|Department of Public Information • News and Media Division • New York|
DISARMAMENT MUST REMAIN AT TOP OF AGENDA, STRESSES SECRETARY-GENERAL
AS HE WARNS AGAINST COMPLACENCY, IN MESSAGE TO PUGWASH CONFERENCE
Following is the text of UN Secretary-General Ban Ki-moon’s message to the fifty-seventh Pugwash Conference, in Bari, Italy, on 21 October:
I am pleased to convey my greetings to the fifty-seventh Pugwash Conference. I congratulate your departing President, Dr. M. S. Swaminathan, on his valuable contributions, and Mr. Jayantha Dhanapala, former United Nations Under-Secretary-General for Disarmament Affairs, who will soon assume the presidency.
Over the years, Pugwash conferences have promoted constructive dialogue on sensitive matters of international security. They have involved influential scientists and public leaders from throughout the world, even from countries that do not necessarily enjoy friendly relations with each other.
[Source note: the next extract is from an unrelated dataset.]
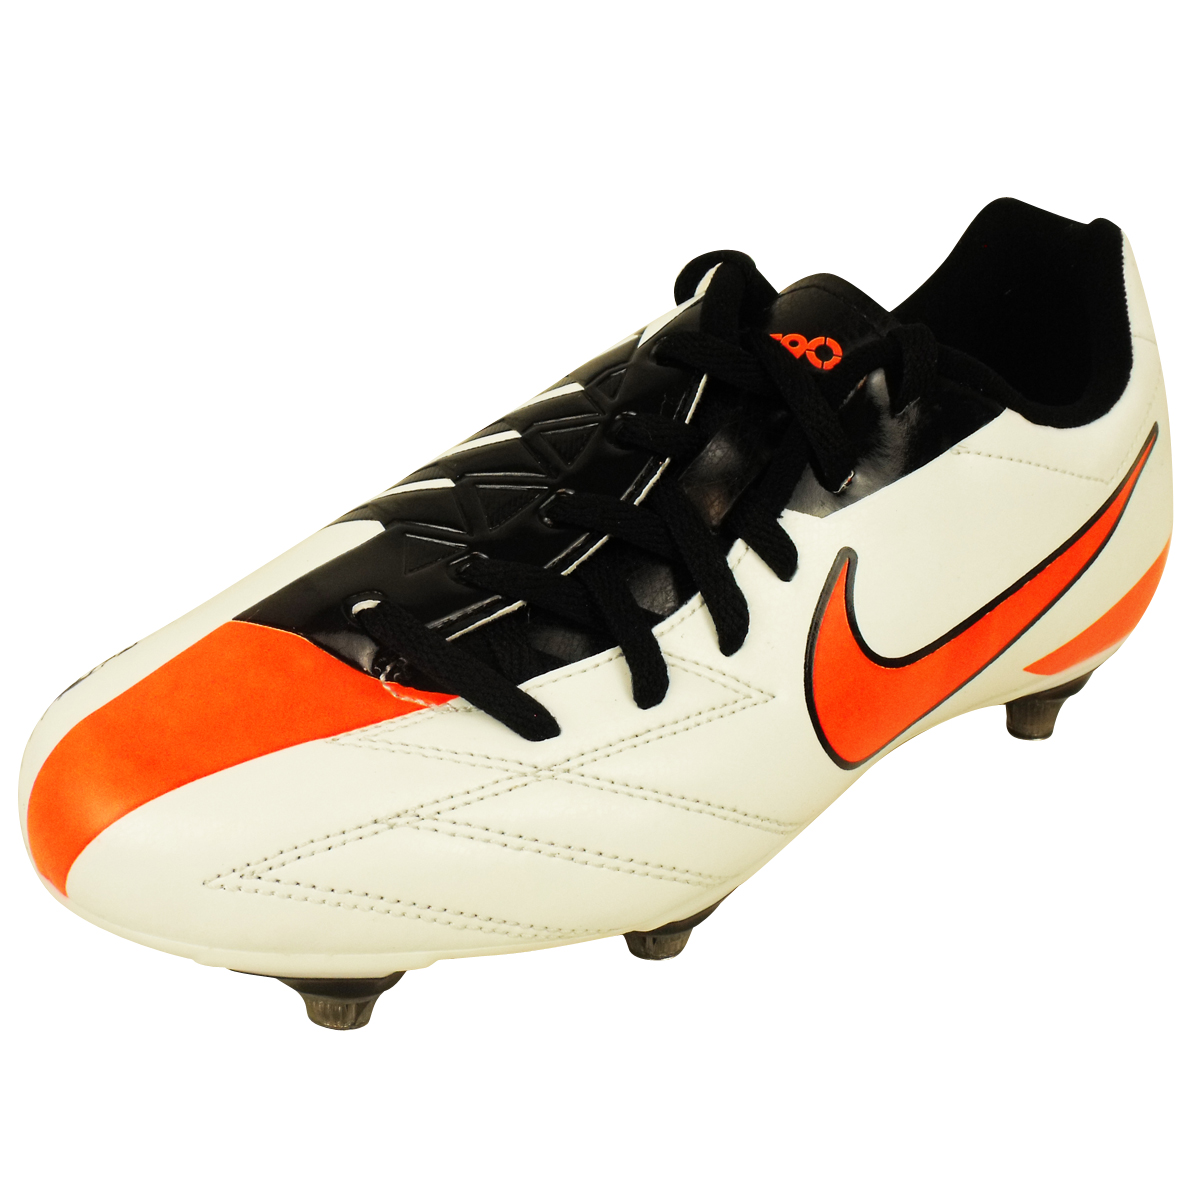 ea7de1d4f9e Boys Nike Total 90 SG Soft Ground Football Boots Junior Sizes Kids Size UK  10-6

This year marks the fiftieth anniversary of the Pugwash Conferences on Science and World Affairs. It is thus fitting for you to reflect on Pugwash’s contribution to the cause of world peace, and to the challenges ahead. It is also an opportunity for all of us to reflect on the importance of disarmament, dialogue and cooperation in creating a more secure world.
In 1946, the very first resolution of the United Nations General Assembly called for the elimination of all major weapons “adaptable to mass destruction”. Since then, the United Nations, together with crucial civil society partners like Pugwash, has been working towards the objective of ridding our world of all weapons of mass destruction.
We have much in common. We share a global approach to promoting disarmament and non-proliferation issues. We pursue similar aims of dialogue, peace and security. Both our institutions have received the Nobel Peace Prize for efforts in these areas.
Yet, there is no room for complacency. Developments in science and technology are raising hopes that new innovations could contribute to improving the quality of life of people throughout the world. But, at the same time, developments in various fields of weaponry remind us of the potential devastation from the use of weapons of mass destruction, and the very real threat they pose to all of humanity. Many such weapons remain, amid persisting risks that they may be acquired by additional States or non-State actors. Disarmament must remain at the top of our agenda.
I hope that, at this gathering, you will be able to identify specific contributions that the international community and the United Nations can make towards advancing the goal of eliminating the world’s most deadly and indiscriminate weapons. In that spirit, please accept my best wishes for a successful conference.